Itinéraires d’un attineur
Yvan, magasinier aux Chantiers de l’Atlantique
« Voilà plus de vingt ans que je travaille aux Chantiers. À force de tirer sur des câbles, de manipuler des outils lourds en fond de cale, dans le froid et l’humidité, je me suis abîmé le dos. J’ai donc changé de poste. Après avoir travaillé dans la préfabrication de réseau en tuyauterie PVC, je suis aujourd’hui affecté au service de “ maintenance petit outillage ”. […] Cela se passe dans le petit bungalow logé à l’intérieur de l’ancien hangar du magasin général. Là, je suis au milieu des instruments entreposés. Quand j’entre dans cet endroit qui est « mon magasin » puisque j’y travaille seul, je me sens chez moi. Je reconnais d’emblée les odeurs indéfinissables de ferraille et de bakélite, de vieilles graisses et de détergent, parmi les étuis en bois imprégnés de relents accumulés pendant des années.[…]

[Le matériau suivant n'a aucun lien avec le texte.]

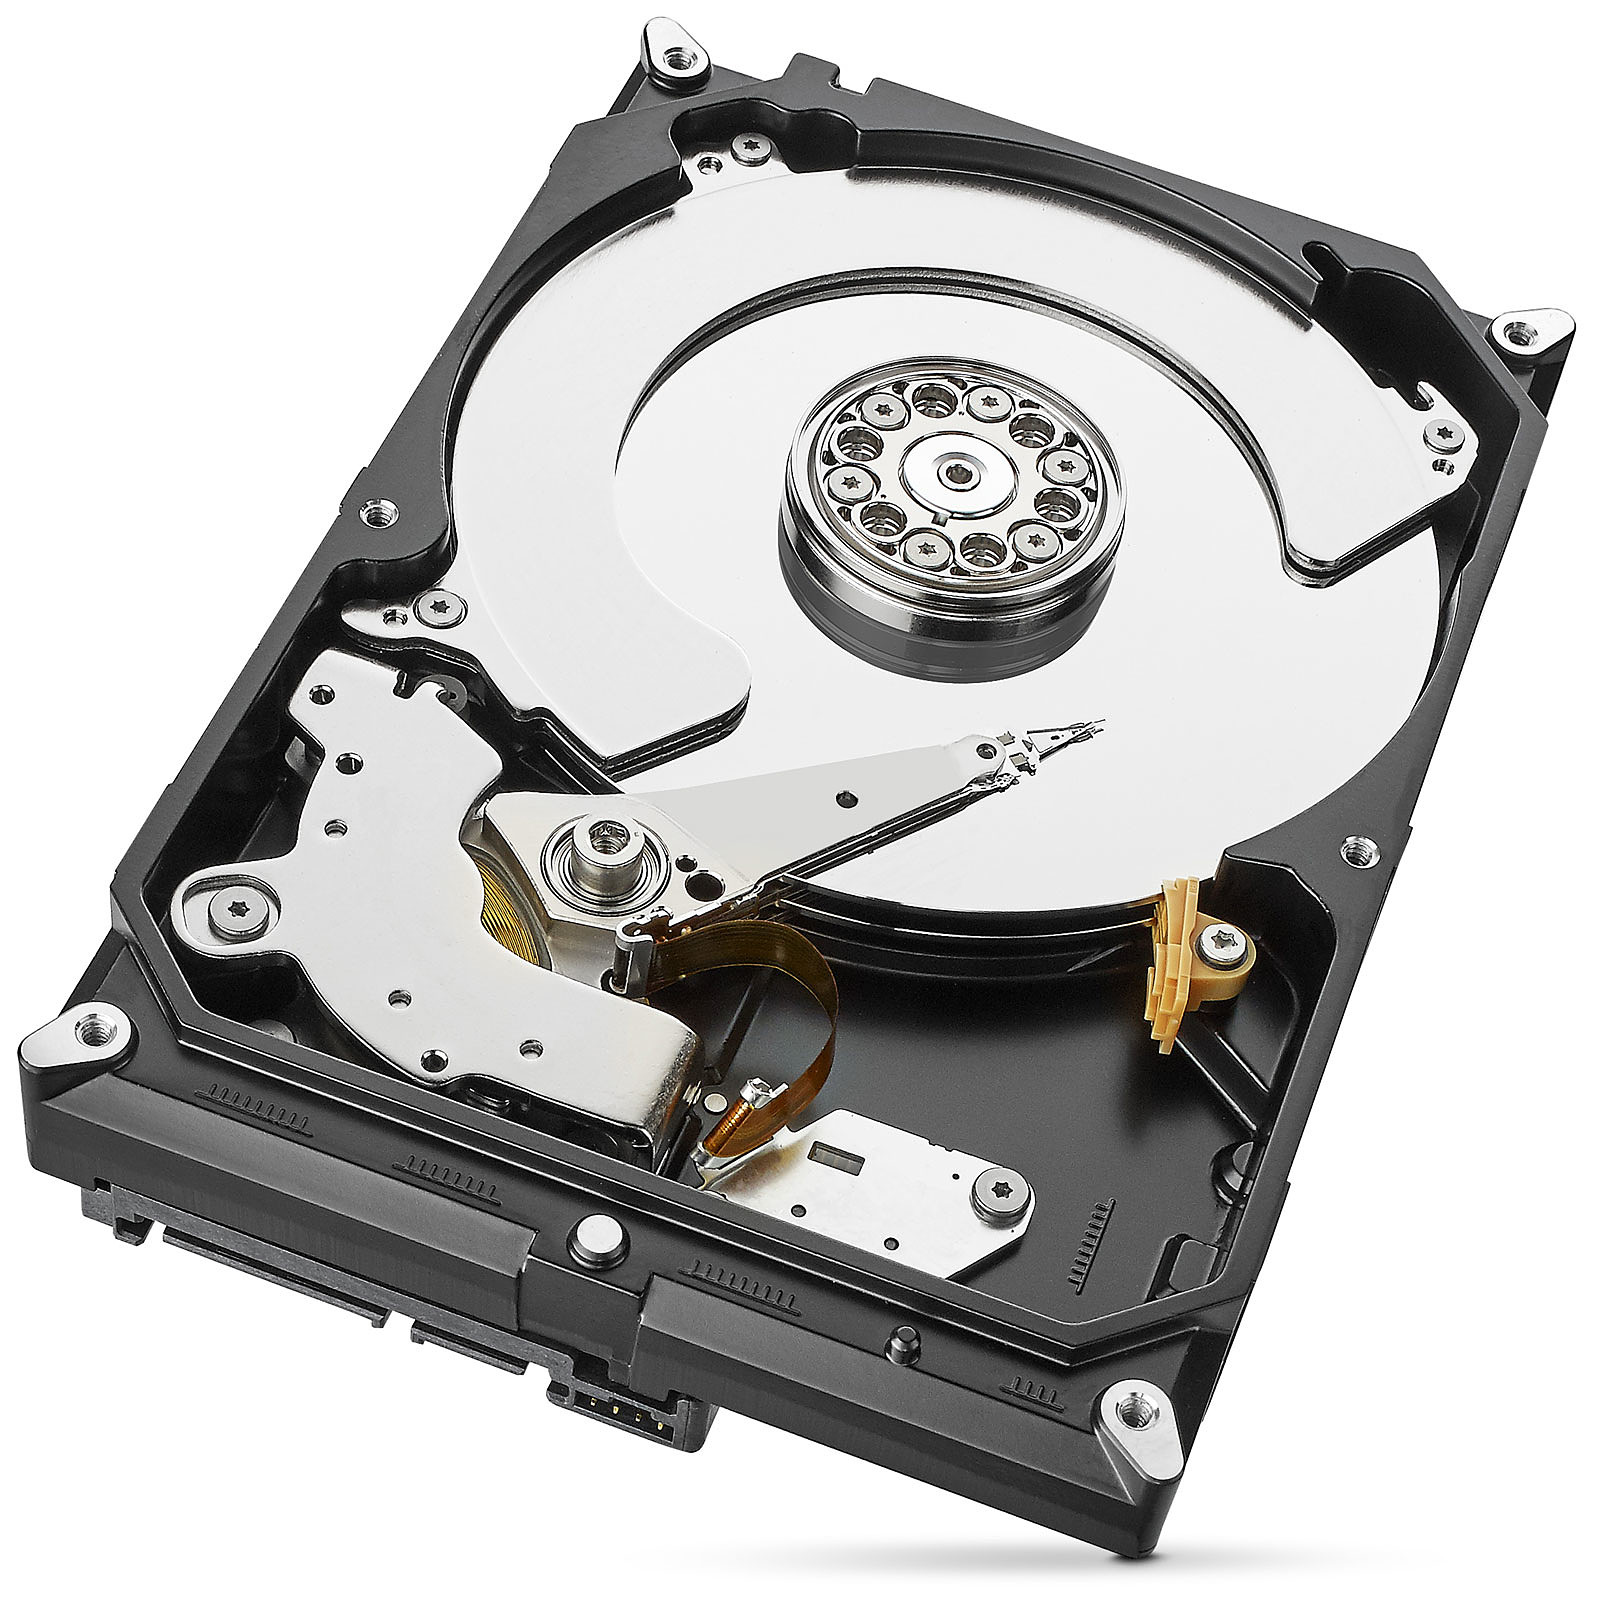 Disque dur Seagate Desktop 3 To SATA 3 (SATA 6Gb/s) 256 Mo 5400 trs/mn (bulk), informatique ile de la Réunion 974

Dans mon bungalow, je me sens un peu loin des bateaux que je côtoyais quand j’étais attineur. Aussi, je n’hésite pas à prendre un quart d’heure sur mon temps pour aller assister à une manœuvre dès qu’il y en a une dans une forme. […] Parfois, ce sont des barges qui transportent des tronçons de navires sous-traités dans d’autres chantiers navals. […] Rien de comparable, évidemment, avec les cérémonies de lancement qui, de toute façon, se déroulent en présence d’un petit nombre de personnels de la direction, des responsables du navire et des armateurs. Il aurait pu y avoir une exception à l’occasion du lancement du Queen Mary 2, auquel les ouvriers auraient été conviés si l’effondrement tragique de la passerelle n’avait pas contraint à tout annuler. Le Queen Mary était dans le bassin C, pas très loin de la forme Joubert où ont été construits le Normandie et le France. Nous joindre à cette fête était très symbolique. Avoir participé à la réalisation de ce nouveau et magnifique géant des mers nous remplissait de fierté. J’ai appris l’accident à la télé. C’était le samedi 15 novembre 2003. Il y a eu 16 morts. Un de mes collègues a été appelé pour enlever les échafaudages enchevêtrés. Quant à nous, lorsqu’on s’est présentés au travail le lundi, on est tombé sur des portes closes. Le chantier était fermé pour la journée. Il a rouvert le jour suivant. Et le boulot a repris.
[…]
Mais ce qui, à mes yeux, symbolise le plus les Chantiers, ce sont les conflits qui s’y sont déroulés. Un débrayage, c’est quelque chose de fort […]. Le dernier grand débrayage date de 2013, quand un bon nombre d’employés des Chantiers était en désaccord avec le nouveau dispositif de compétitivité qui rognait sur les RTT, les primes, l’ancienneté. […] On se retrouvait alors tous devant la porte 4, la grande entrée des Chantiers. Ça débordait jusque sur le terre-plein de Penhoët, au bord des bassins du port, et jusqu’ au rond-point de l’ancre, près des bâtiments de la direction.
[…]
Maintenant, ce que je vois, c’est les copains qui partent en retraite. J’en ai croisé un qui revenait acheter du poisson à côté de la porte 4. Il y a un poissonnier qui vient se poster là, à la sortie du boulot. Le gars avait gardé ses habitudes. Les Chantiers, c’est toute une vie… »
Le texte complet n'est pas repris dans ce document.